‘DIÁRIO DO AÇO’, DE BETZAIDA MATA

Por Mar Becker

Um romance de limiar. De fronteira. É assim que Betzaida Mata escreve seu “Diário do Aço” (Penalux, 2019) – como um romance que se equilibra tênue entre o dizível e o indizível.

A história se passa na região do Vale do Aço, interior de Minas Gerais. Já de início Mata assume que a linguagem fracassa, que há de fato coisas sobre as quais não se pode falar. O início de tudo, o gênesis – ou, como ela lembra, “o sertão” de antes do vale, esse escapa à voz. “Para os portugueses recém-chegados aos trópicos, não existia Vale do Aço”, comenta. Só havia “um conjunto de terras inóspitas, povoado por índios botocudos e mosquitos transmissores de malária, atravessado por um rio. Sem cercas para estabelecer fronteiras, nem armas para lhe domar a geografia, foi, por muitos anos, um lugar esquecido”.

Penso que o compromisso dramático de Mata é este, o de dizer o indizível, tocar o “bicho que atravessa o mundo”, como sugere Herberto Helder. O resultado é o “Diário do Aço”, um livro forte, intenso. Vivo. Porque não há palavra mais luminosa, mais lúcida, do que aquela que está à beira do abismo de si, que se encara diante do espelho da sua própria noite. Quando afirma que está disposta a narrar a história do vale, ela se compromete com um exercício de escritura que dá voz ao que foi calado. Sabe que, embora o passado não possa vir à palavra de forma direta, ele volta – sempre volta, sorrateiro. Basta “um descuido da razão – sono, embriaguez ou delírio”, e ele ressurge.

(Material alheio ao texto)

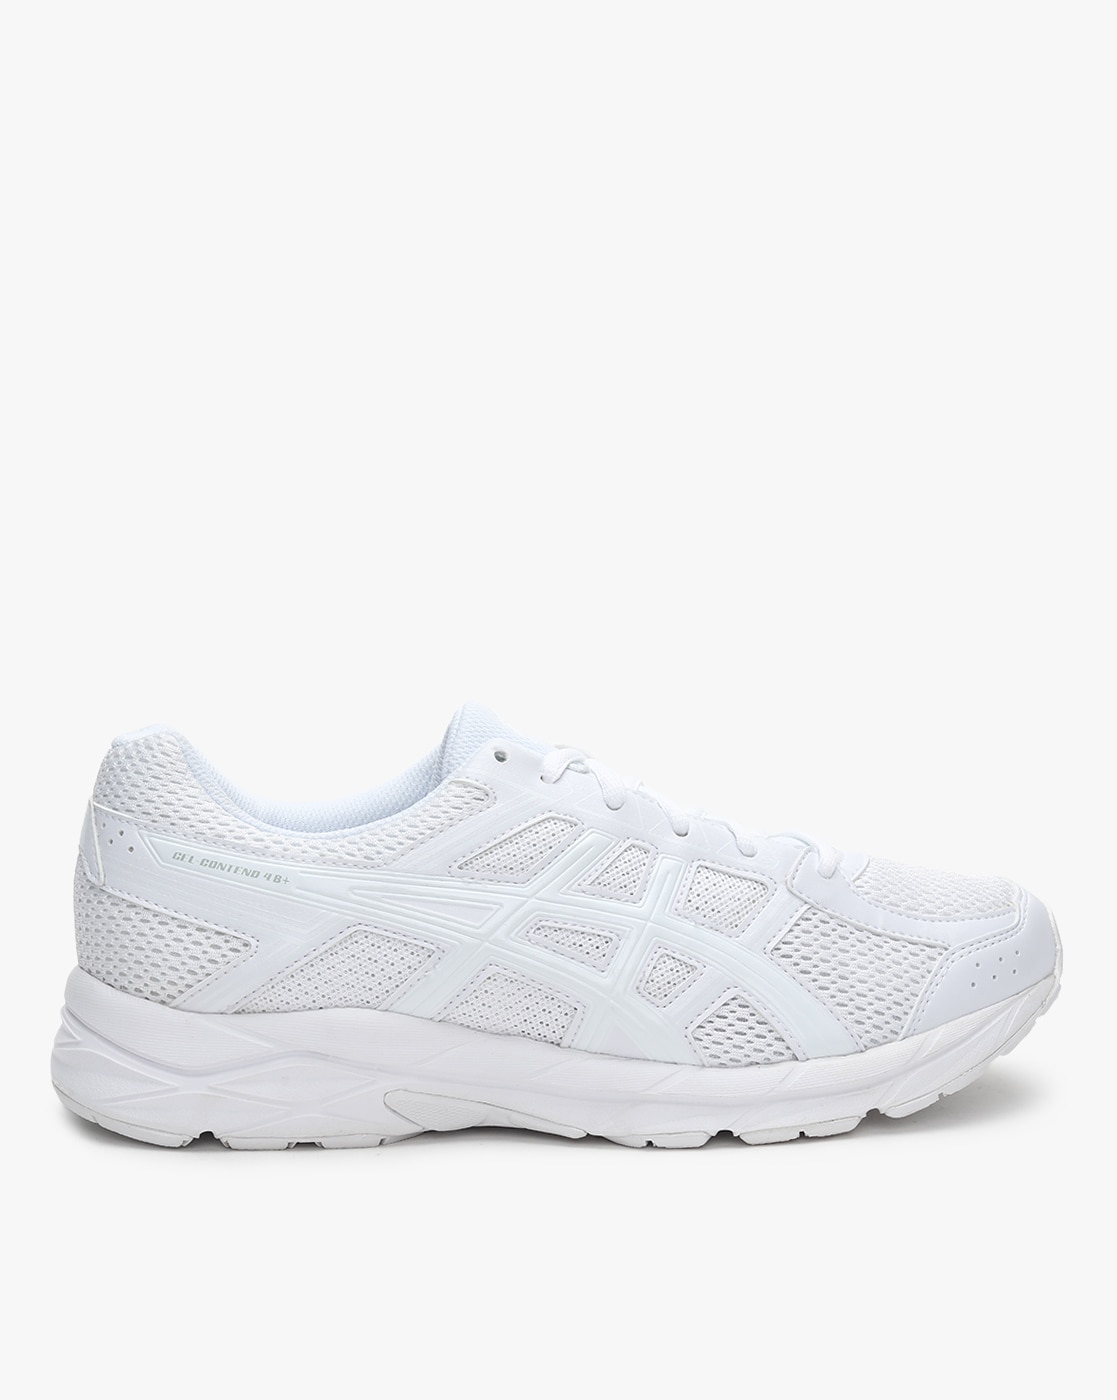 all white asics running shoes

Como ressurge? Nos detalhes. Pelo “verde evanescente” da paisagem, a fumaça da fábrica confundindo-se com os tons do que sobrou de uma espécie de Éden – imaginado, talvez. Pelo modo como os próprios nomes das cidades da região intercambiam-se, desembocando uns nos outros como afluentes de um mesmo rio clandestino, subterrâneo. Ressurge nos punhos dos metalúrgicos em greve, no leite derramado no chão da fábrica. No batom borrado das bocas das putas. Sim, ressurge também na gargalhada estridente de Jonas, na luz que incide sobre a face oculta de Gabriel, o aluno-anjo-mensageiro. Na picada de uma cobra. Num suicídio.

Há aqueles que diante do que não pode ser dito decidem calar-se. Betzaida Mata, por sua vez, segue escrevendo, e nisto muitas vezes abaixa-se e põe o ouvido colado à terra, atenta às vozes que foram enterradas pelo tempo. Outras vezes se ergue até a ponta dos pés – como uma árvore de arbustos muito altos. As mãos em gesto de ave, sentindo escapar entre os dedos um fio de fumaça. Talvez aí esteja o corpo que habita este “Diário do Aço” – um corpo-campo de intermédio, que faz fronteira com demônios, de um lado; e com deuses, de outro.